This is a technical post that describes the history and recent efforts to track down a bug that was corrupting some users bayes databases. Fastmail users subscribed to receive email updates from the Fastmail blog can ignore this post if they are not interested.

Over the past few years, we’ve had sporadic reports of users bayes databases being corrupted and reset back to empty. When this happened, it would cause email delivery for that user to fall back to using the global bayes database, which decreased the overall accuracy of their spam detection until they retrained the database with more spam and non-spam messages.

I had tried multiple times to track down what was causing this issue, but each time with no luck. Each time the problem occurred, there was an error message in the logs of this form.

bayes: bayes db version 0 is not able to be used, aborting!

Often searching the internet for an error message will find other people that have had the same problem and tracked down the solution, but in this case it didn’t. Each time I tried to work through the code to see what was going wrong, I reached a dead end and couldn’t see any obvious problem.

Since the corruptions were very intermittent and losing a bayes database isn’t critical, doesn’t cause email to be lost or inaccessible, and can be rebuilt just by reporting email as spam/non-spam again, tracking this down was always a bit of a lower priority issue.

Recently though, after one more corruption report too many, I decided once and for all to track down what was causing it.
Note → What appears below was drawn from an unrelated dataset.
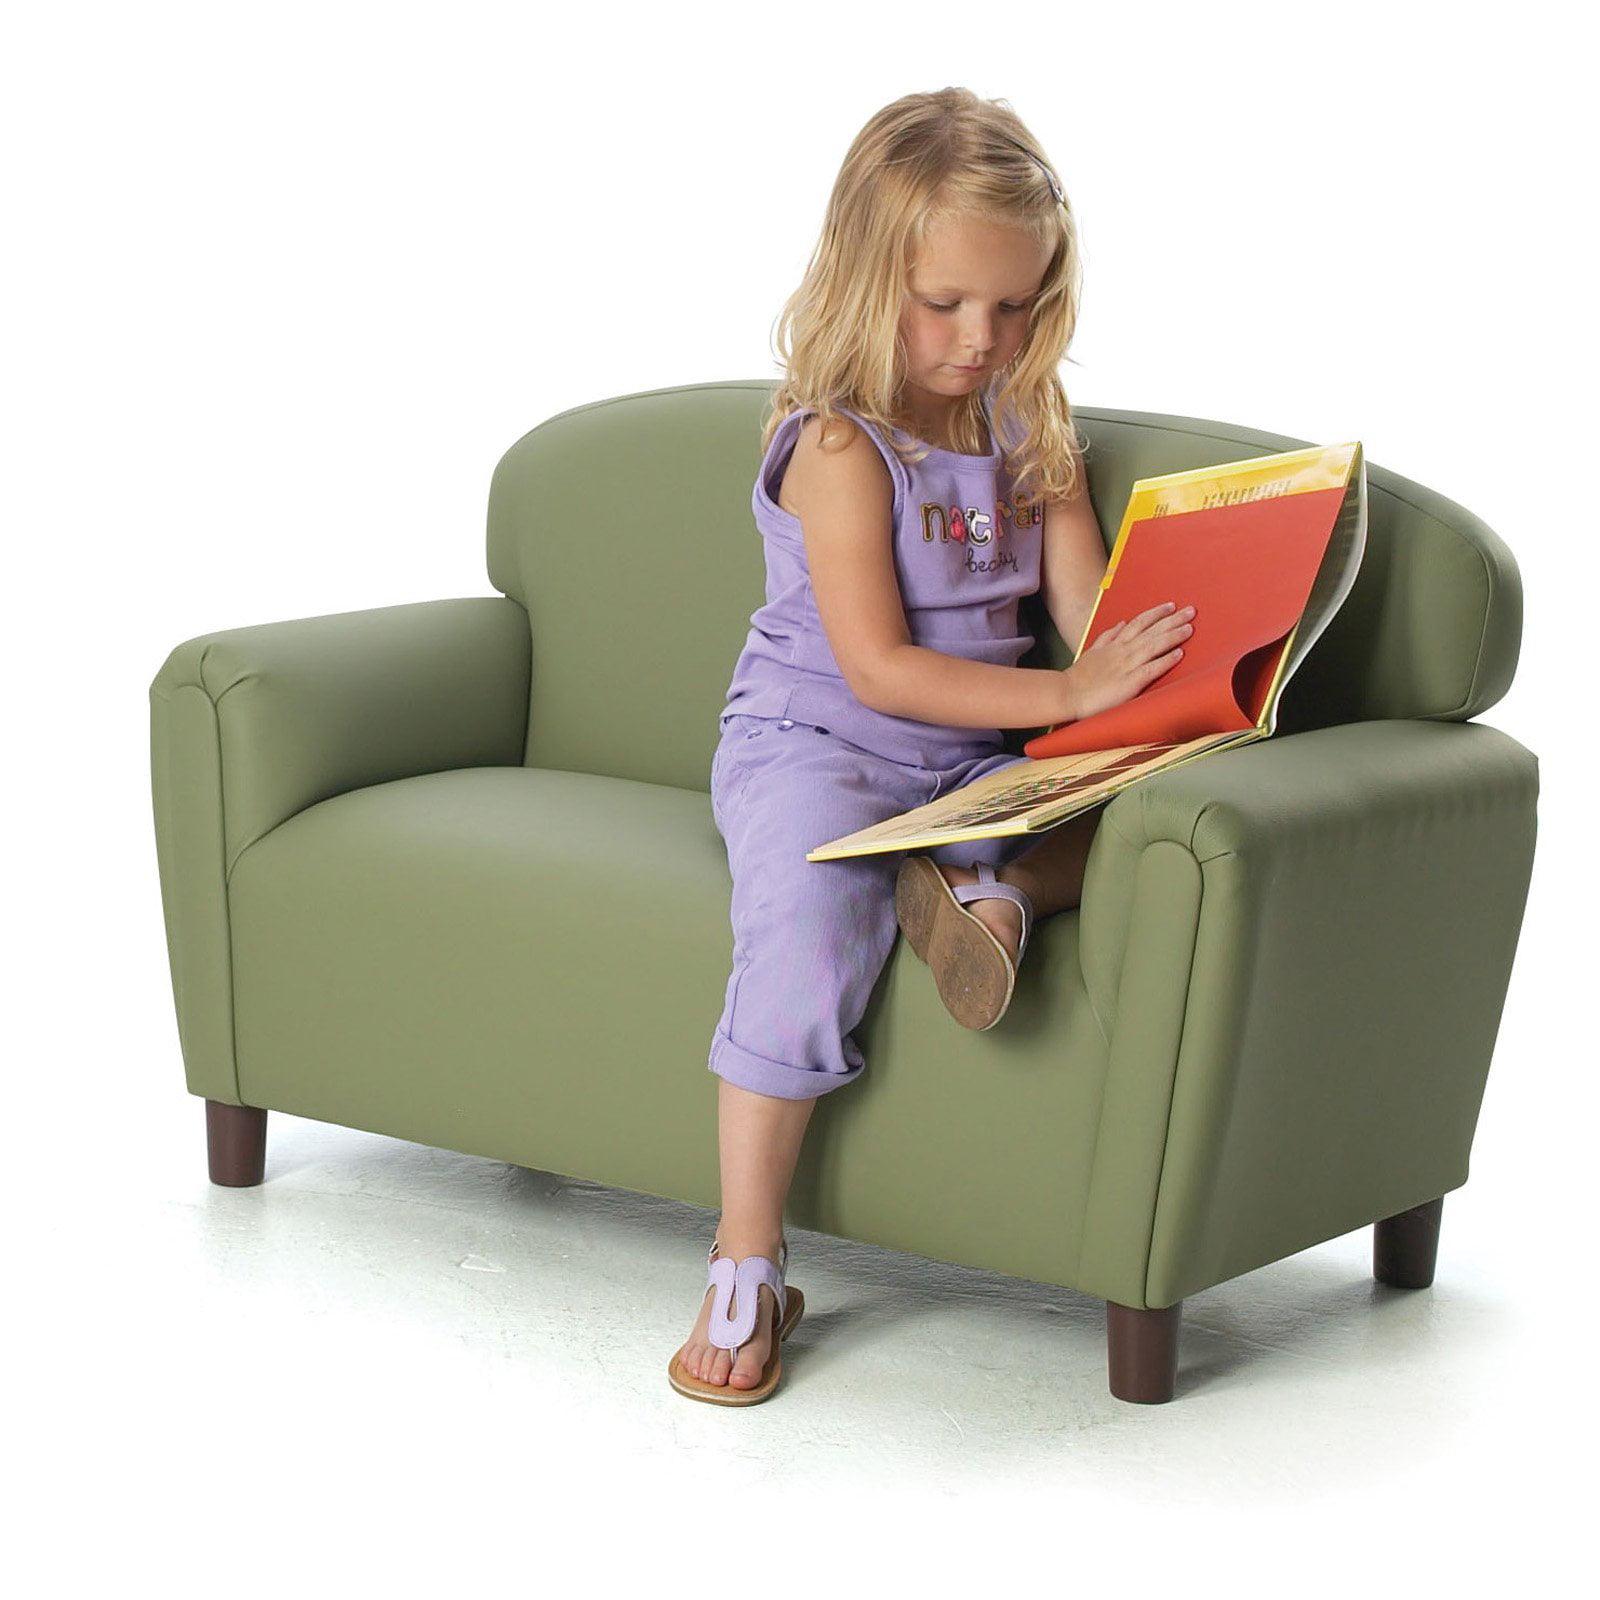 Brand New World Enviro-Child Upholstered Preschool Sofa by BNW

Bit by bit over the course of several weeks, I added more and more logging information to the server code to track down where in the code the problem was occurring.

The logging results proved to be very odd. In the vast majority of cases it showed that writing to a particular database worked fine, but every now and then, it caused data to be lost. Eventually I managed to create a reproducible test case. It turned out to be very odd issue because performing a particular programming action with a database library worked fine the first 5 or 6 times, but on the 6th or 7th, it would cause data to become lost. Clearly something odd is happening in the lower level library code.

Fortunately there was a straight forward workaround to the problem, so I’ve now patched our code with the workaround, and over the last few weeks I’ve monitored the logs which show the original error message above has completely disappeared and no databases are being corrupted any more.

I’ve reported bugs to the underlying modules causing the problems, so hopefully long term they’ll fixed as well.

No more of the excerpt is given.